Ma Siyuan, Li Hongzhe
Department of Biostatistics, Epidemiology and Informatics, University of Pennsylvania, Philadelphia, PA, USA.
Methods Mol Biol. 2023;2629:231-245. doi: 10.1007/978-1-0716-2986-4_11.
Microbial strains are interpreted as a lineage derived from a recent ancestor that have not experienced "too many" recombination events and can be successfully retrieved with culture-independent techniques using metagenomic sequencing. Such a strain variability has been increasingly shown to display additional phenotypic heterogeneities that affect host health, such as virulence, transmissibility, and antibiotics resistance. New statistical and computational methods have recently been developed to track the strains in samples based on shotgun metagenomics data either based on reference genome sequences or Metagenome-assembled genomes (MAGs). In this paper, we review some recent statistical methods for strain identifications based on frequency counts at a set of single nucleotide variants (SNVs) within a set of single-copy marker genes. These methods differ in terms of whether reference genome sequences are needed, how SNVs are called, what methods of deconvolution are used and whether the methods can be applied to multiple samples. We conclude our review with areas that require further research.
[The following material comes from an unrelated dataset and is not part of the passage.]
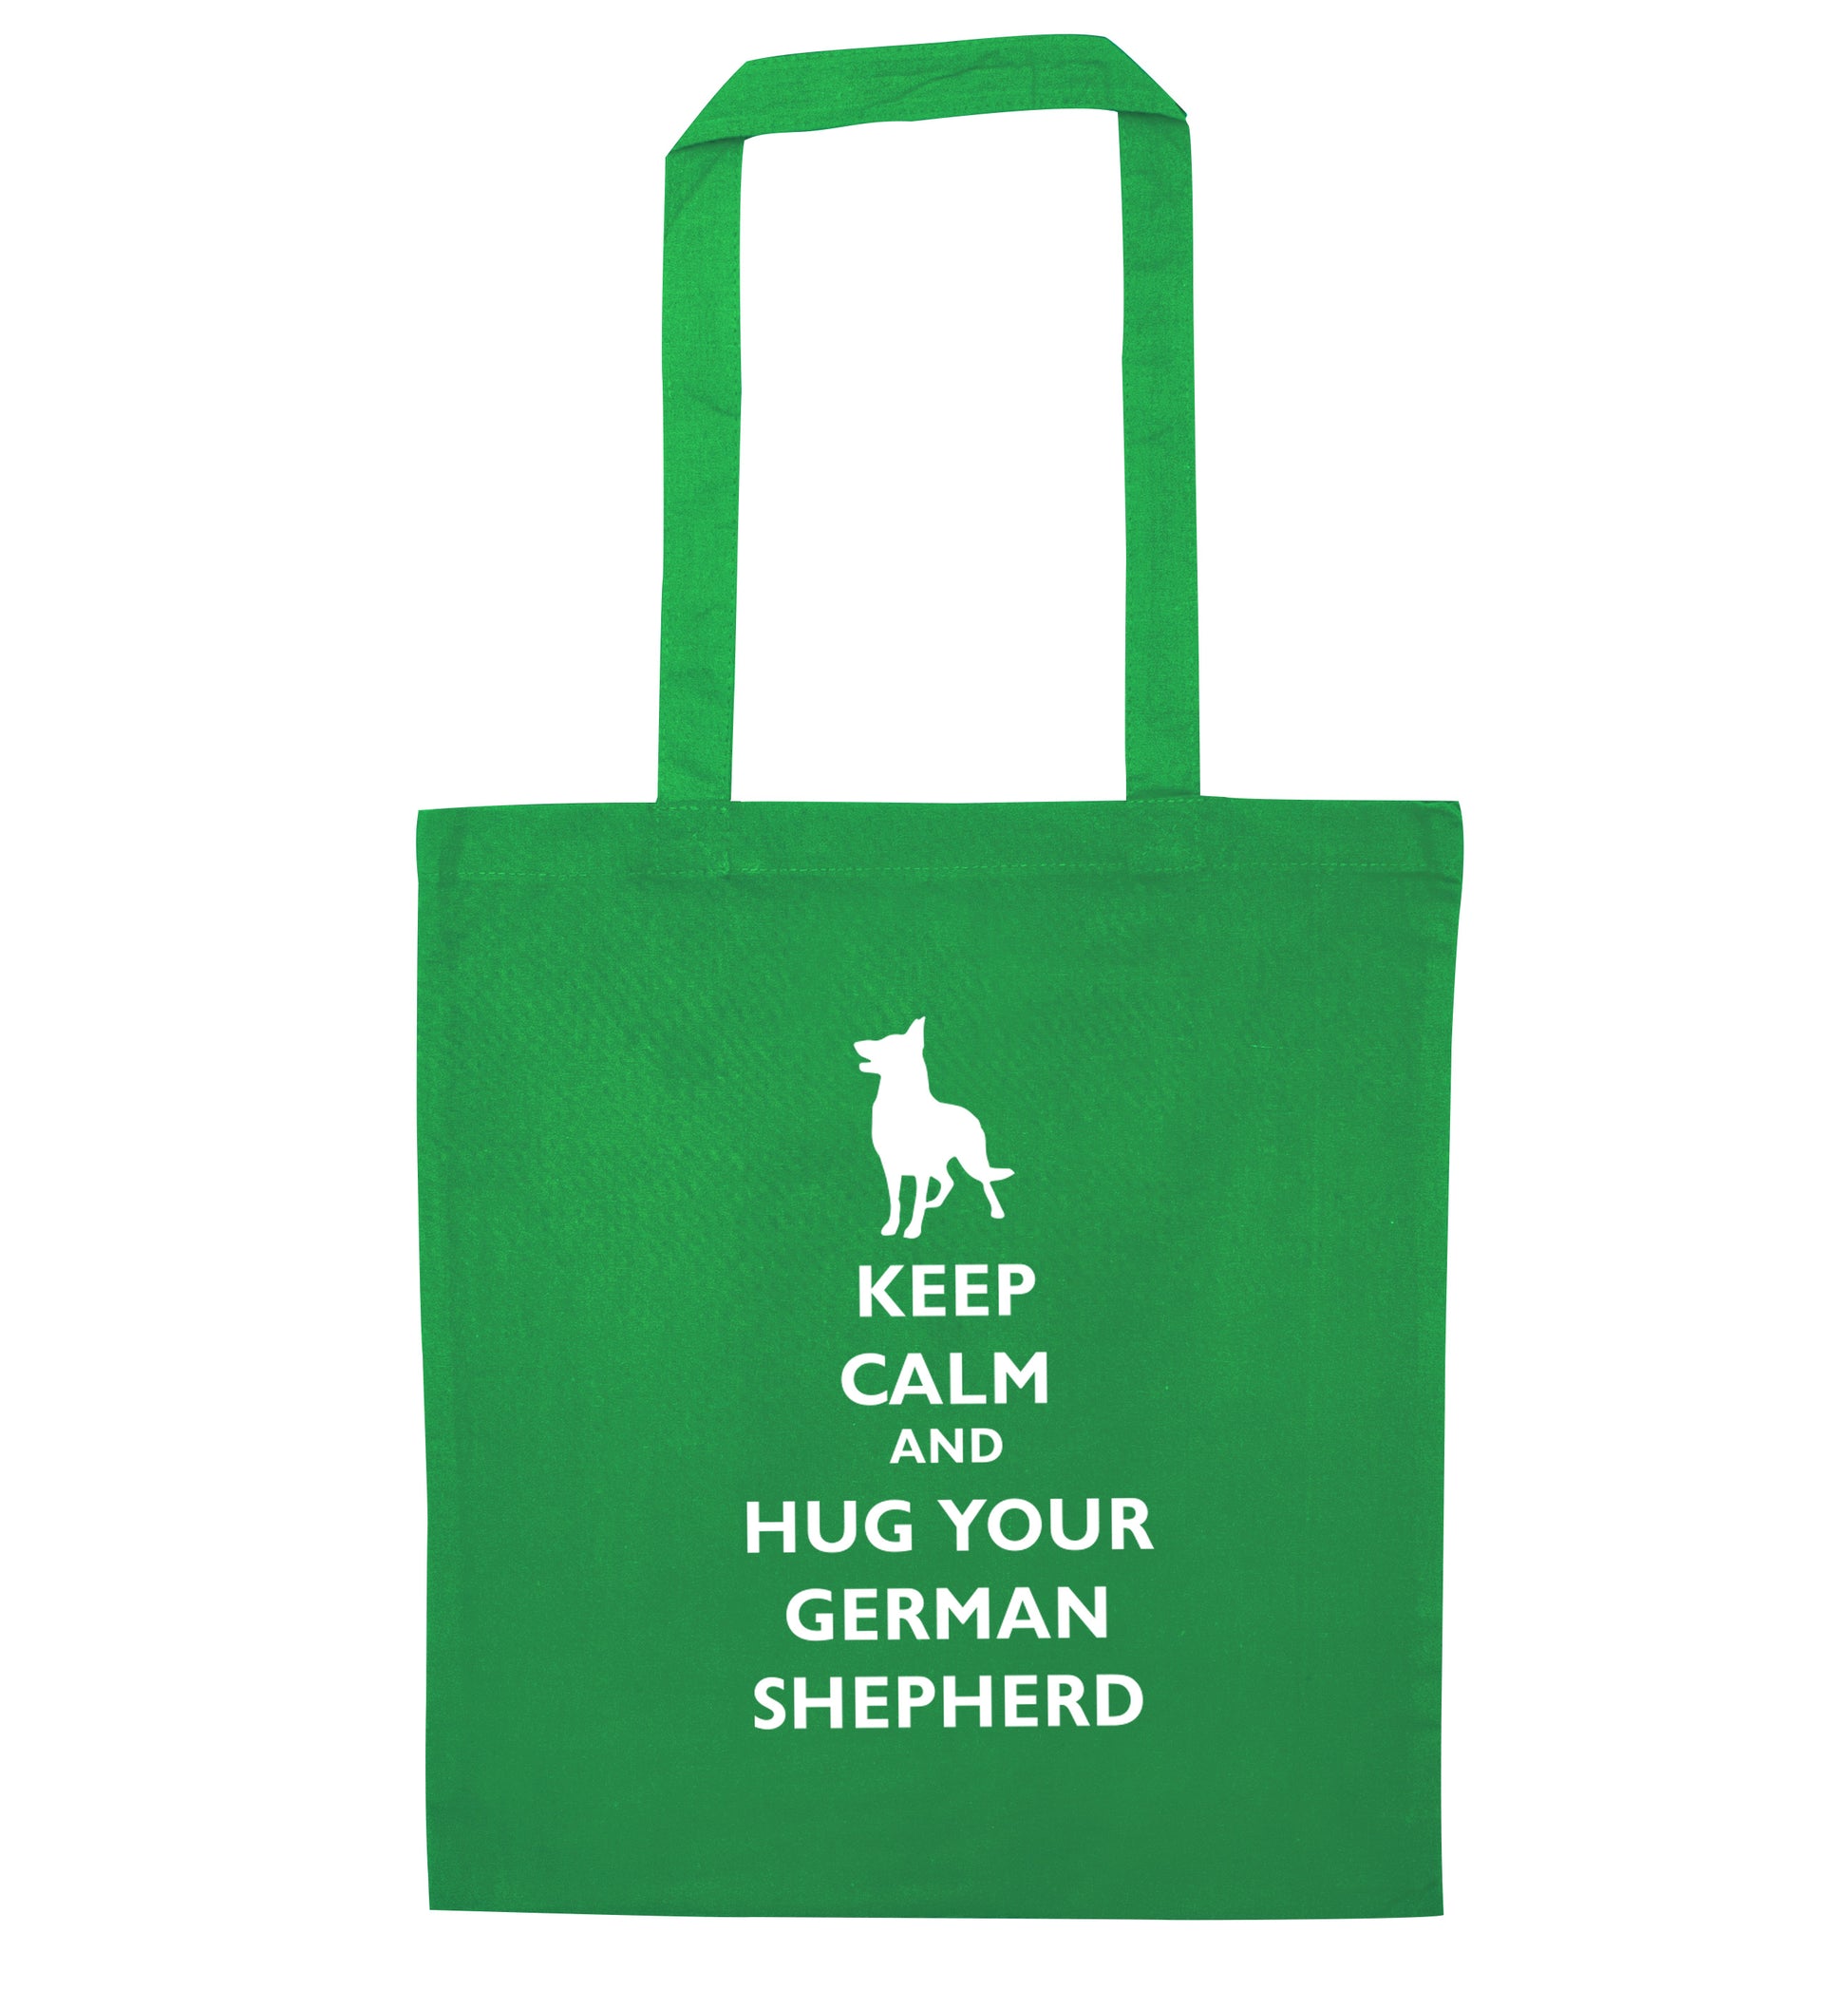 Keep calm and hug your german shepherd green tote bag

微生物菌株被解释为源自最近祖先的一个谱系,该谱系未经历“过多”的重组事件,并且可以使用宏基因组测序的非培养技术成功获取。越来越多的研究表明,这种菌株变异性会表现出影响宿主健康的其他表型异质性,如毒力、传播性和抗生素耐药性。最近已经开发出了新的统计和计算方法,用于基于鸟枪法宏基因组数据,根据参考基因组序列或宏基因组组装基因组(MAG)来追踪样本中的菌株。在本文中,我们综述了一些基于一组单拷贝标记基因内的单核苷酸变异(SNV)频率计数进行菌株鉴定的最新统计方法。这些方法在是否需要参考基因组序列、如何调用SNV、使用何种反卷积方法以及这些方法是否可应用于多个样本等方面存在差异。我们在综述结尾指出了需要进一步研究的领域。